Work instructions: Print, please, exactly the lines from the one with "Granatowe spodnie garniturowe" through the final line of the data below, with both ends included and the pictures left out.

Collection entries
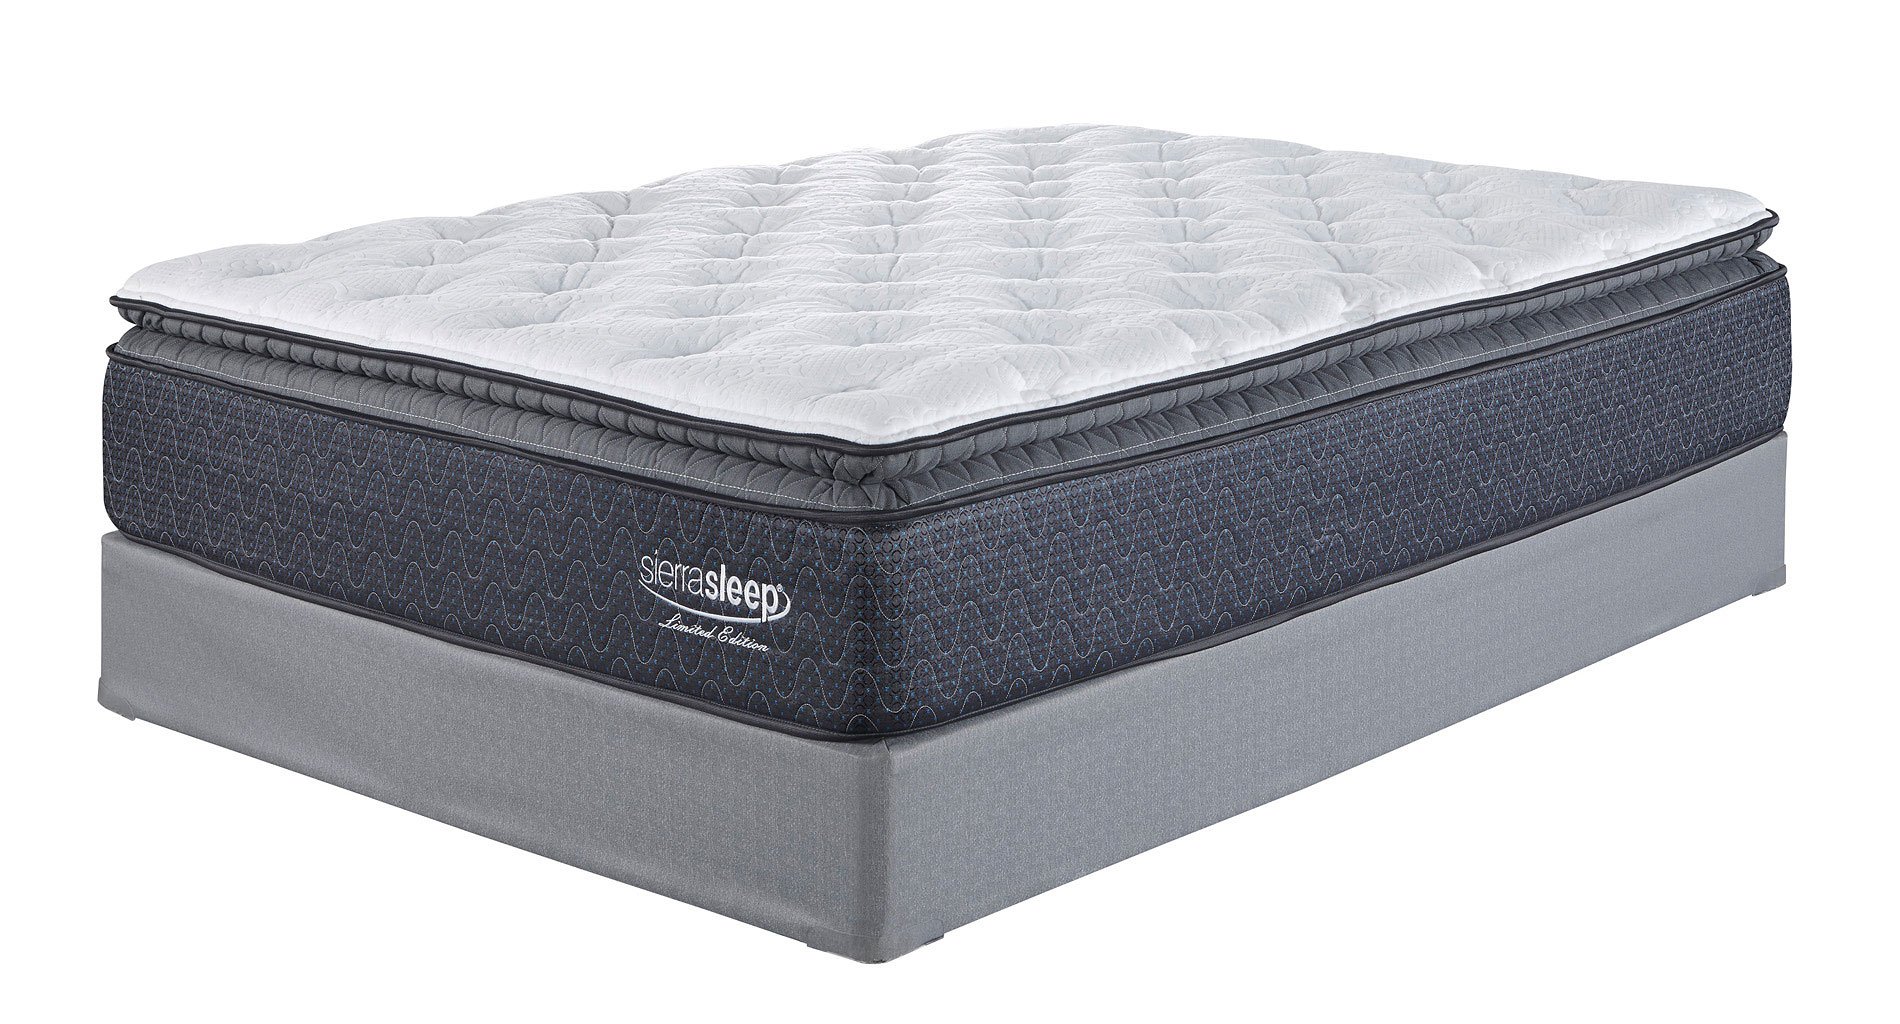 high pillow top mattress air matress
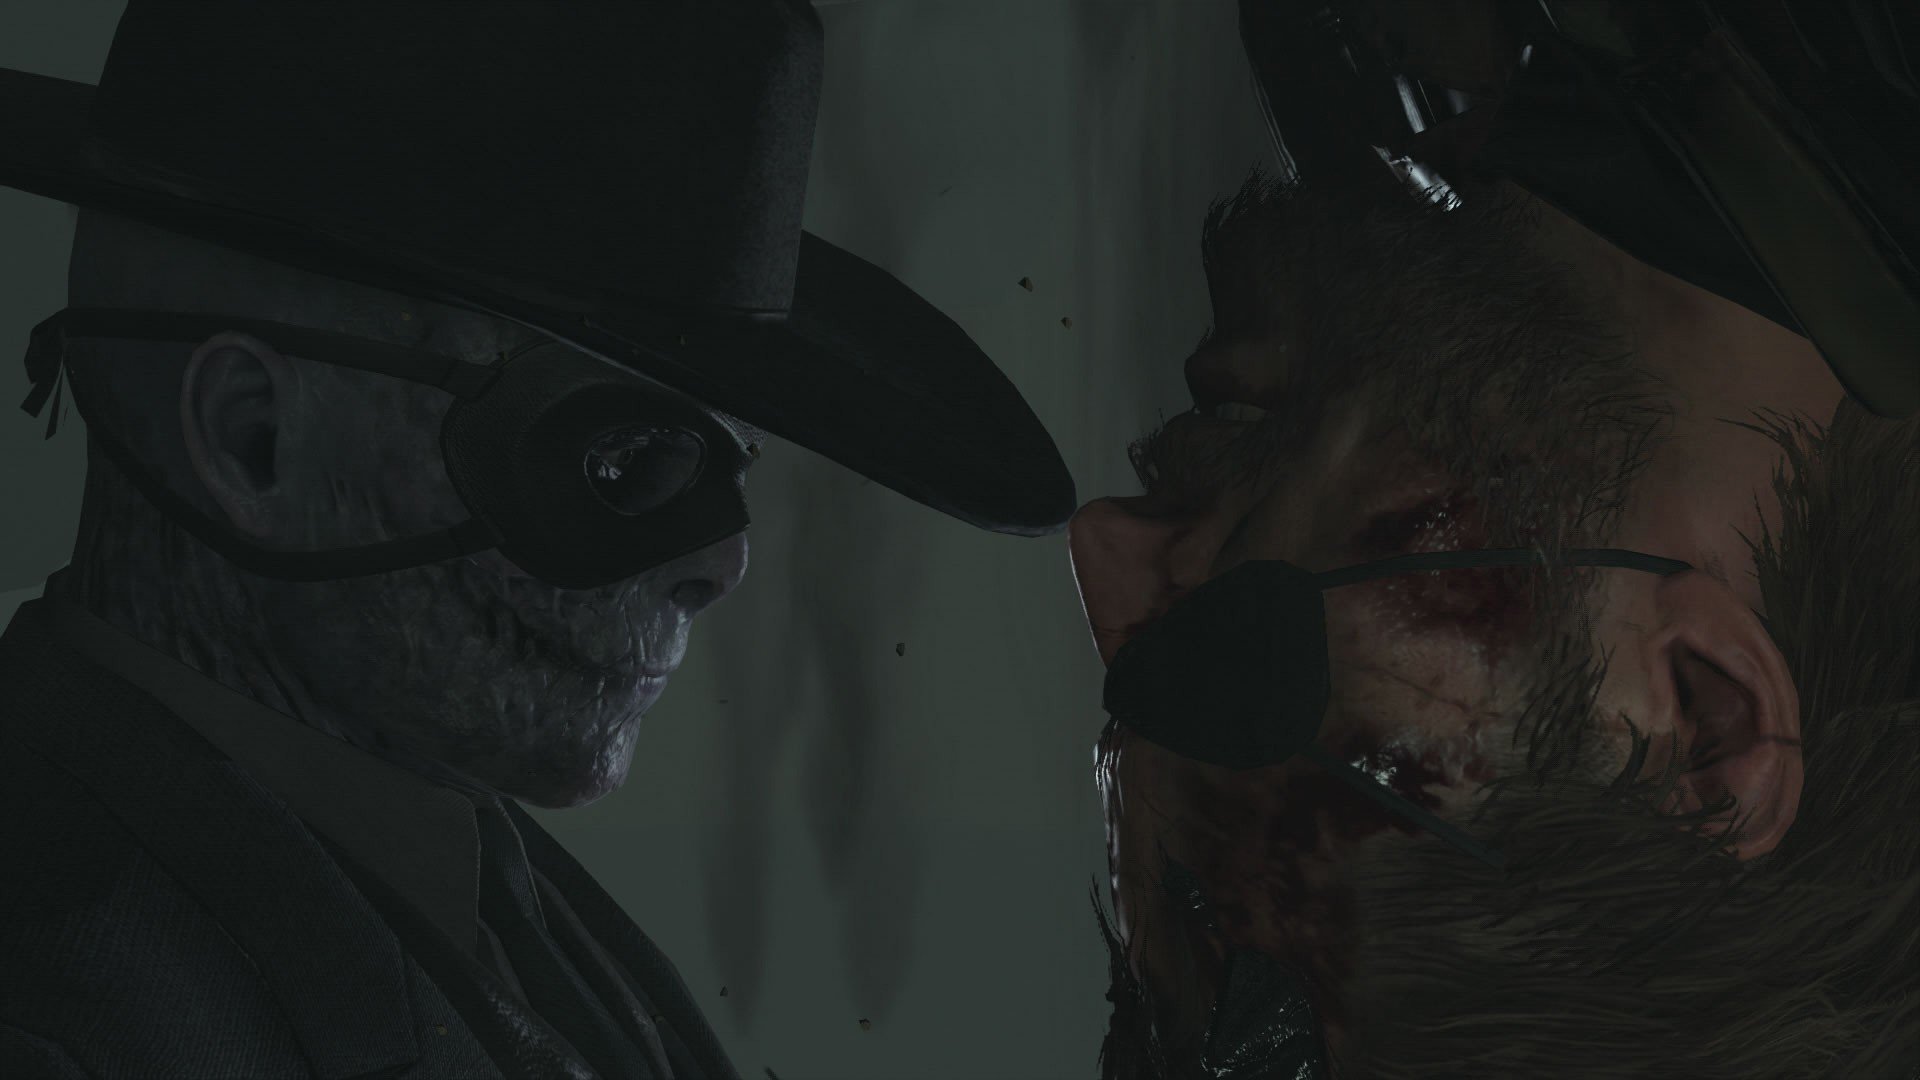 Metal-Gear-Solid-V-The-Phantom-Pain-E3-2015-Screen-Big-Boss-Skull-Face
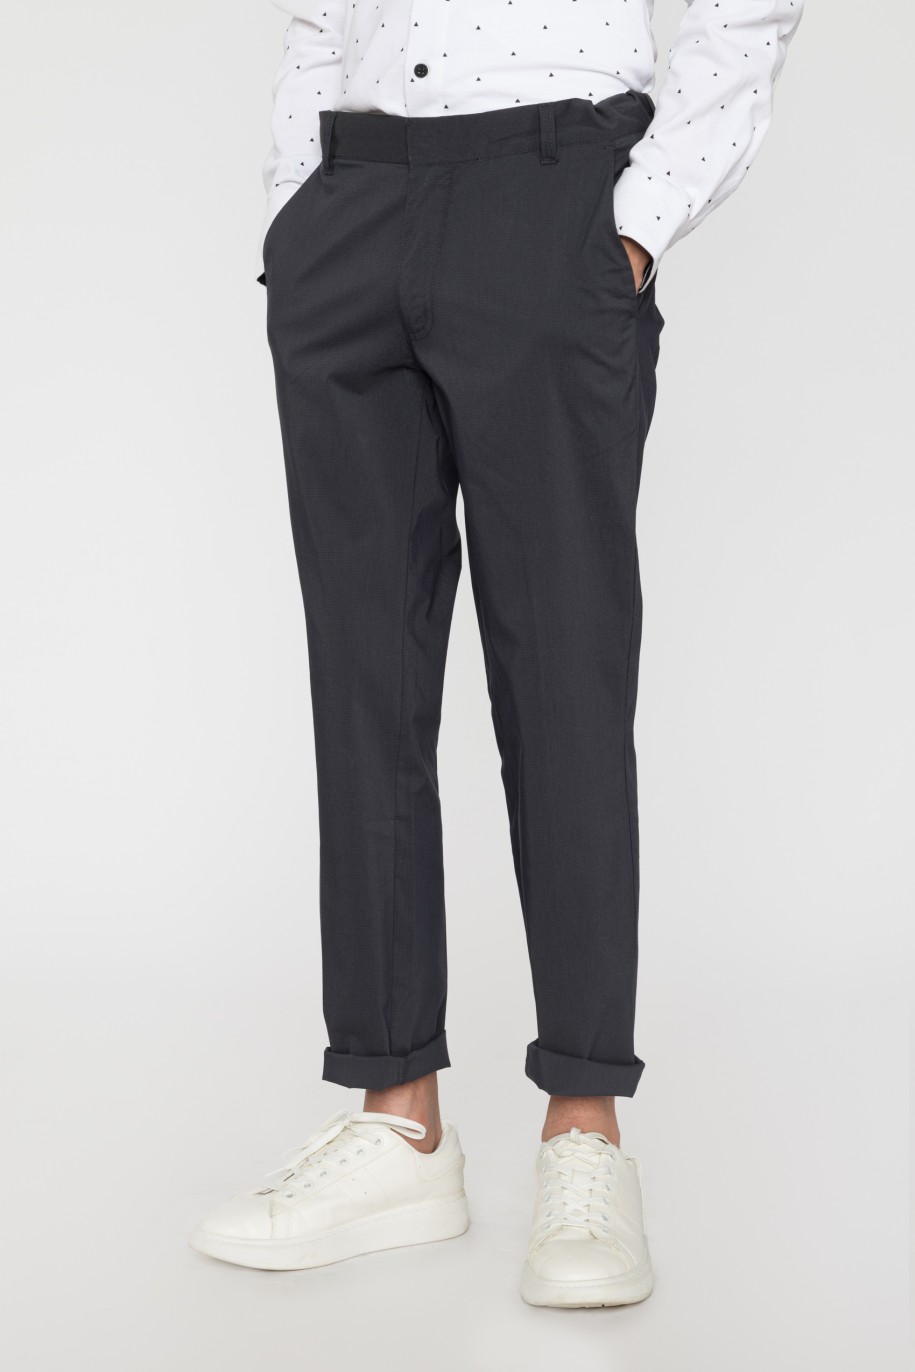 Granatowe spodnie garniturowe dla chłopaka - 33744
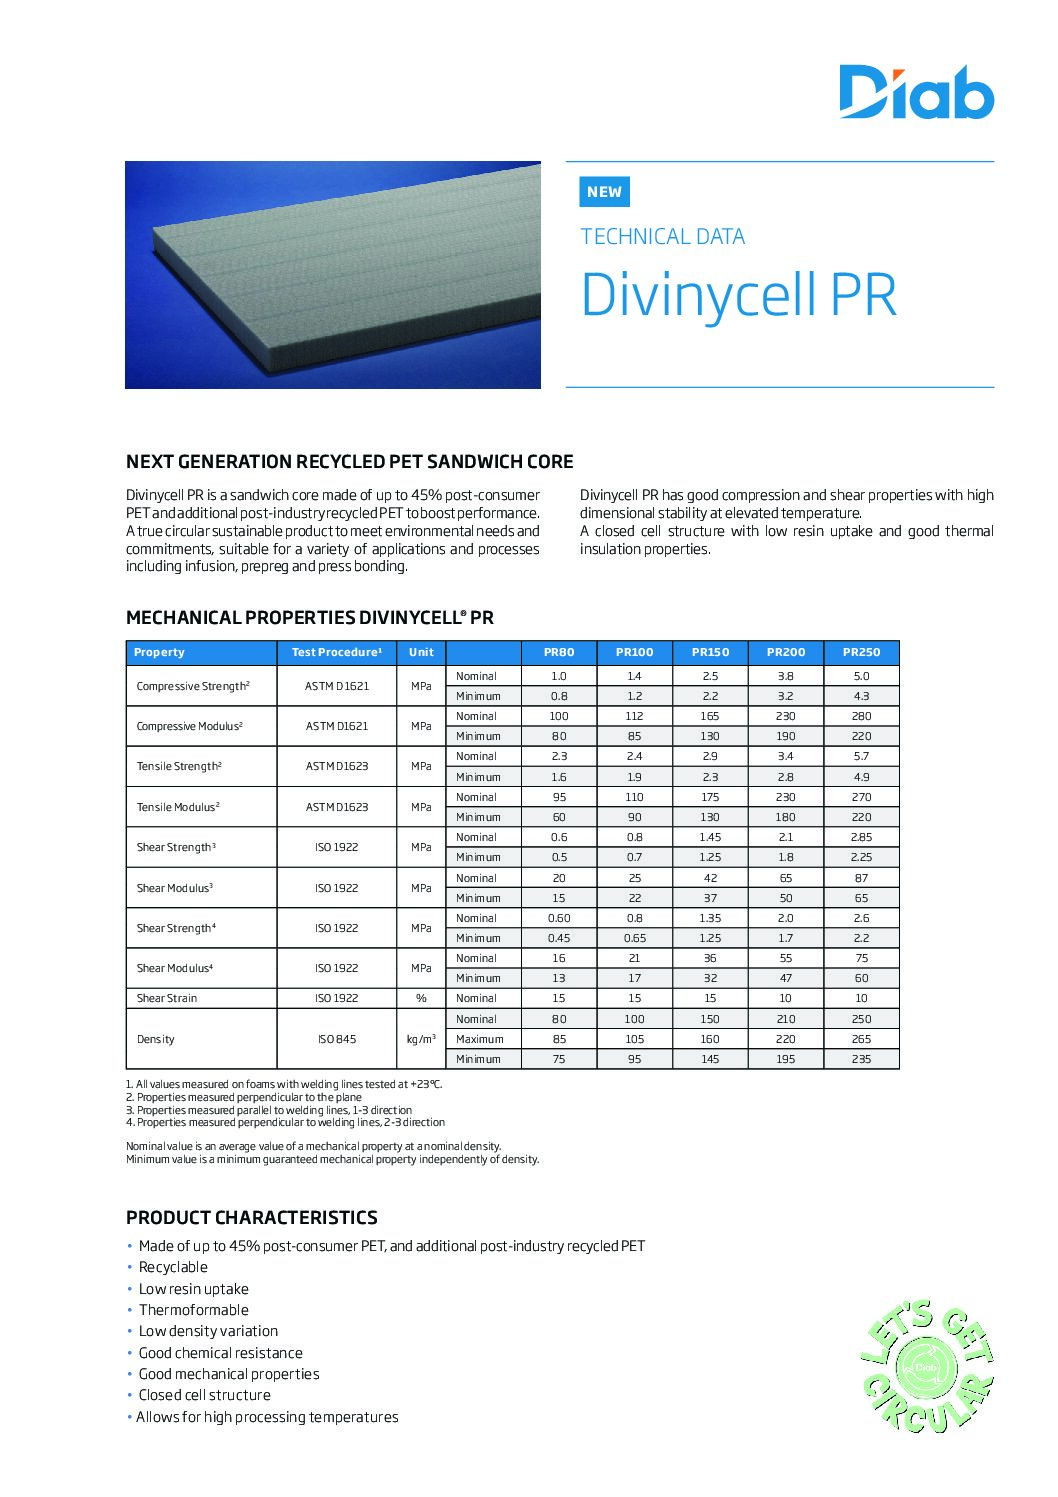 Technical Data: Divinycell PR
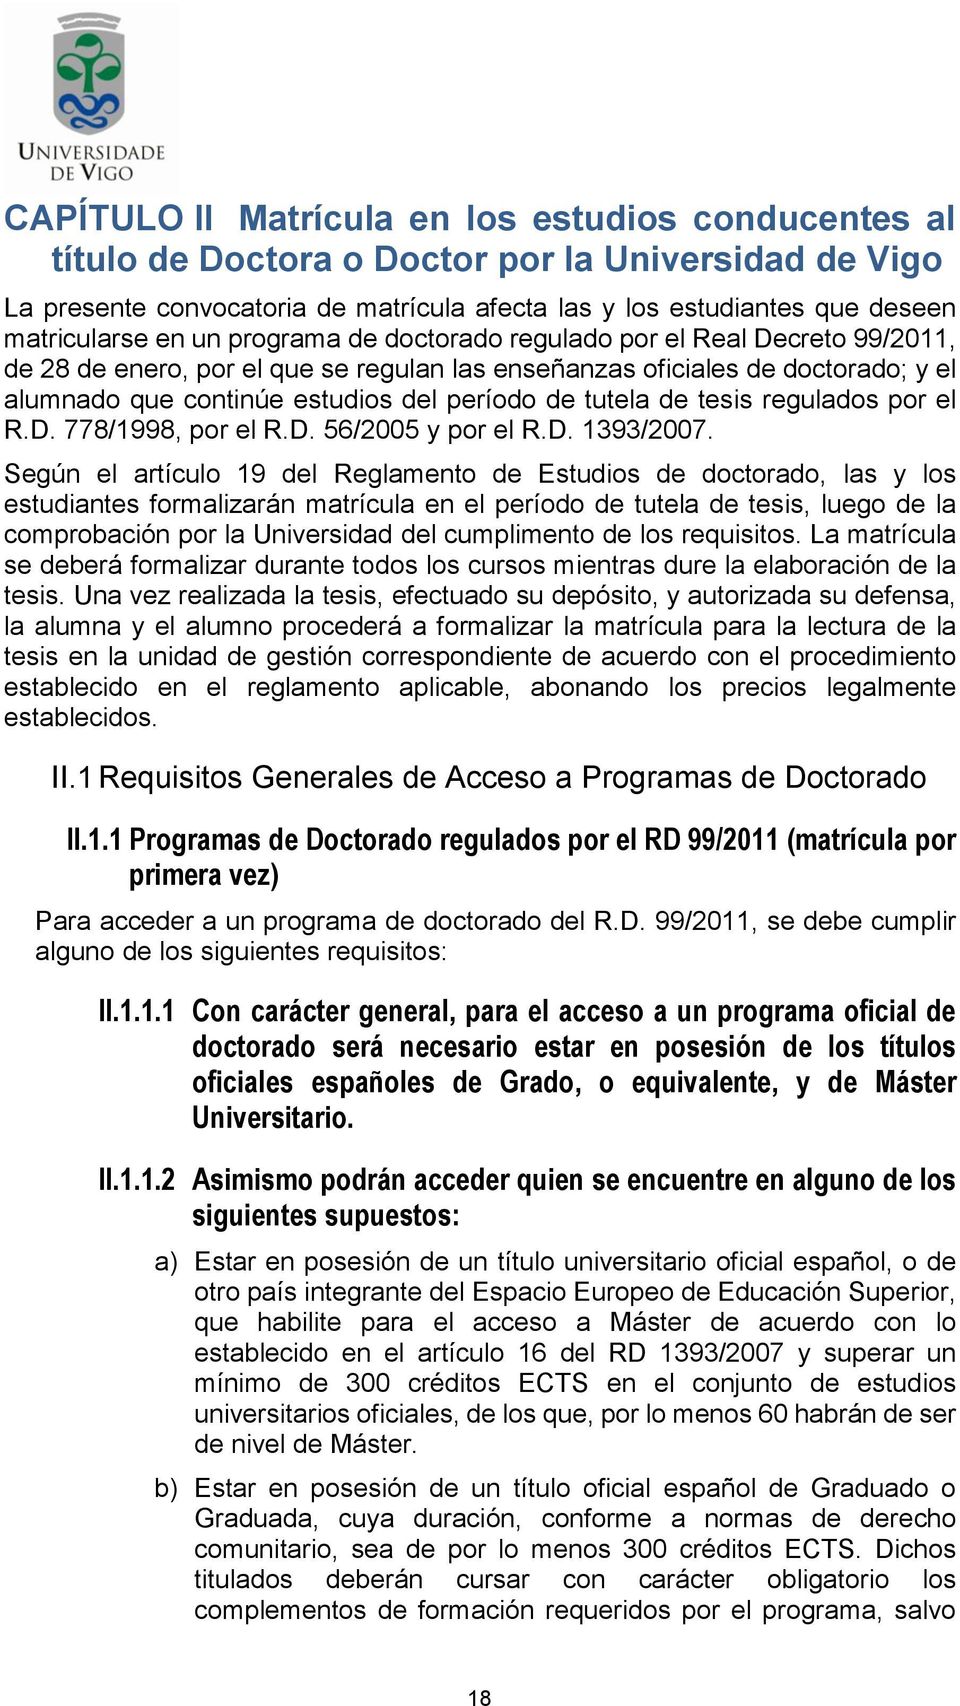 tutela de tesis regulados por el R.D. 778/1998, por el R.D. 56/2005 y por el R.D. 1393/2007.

Result of the task:
 Granatowe spodnie garniturowe dla chłopaka - 33744
 Technical Data: Divinycell PR
 tutela de tesis regulados por el R.D. 778/1998, por el R.D. 56/2005 y por el R.D. 1393/2007.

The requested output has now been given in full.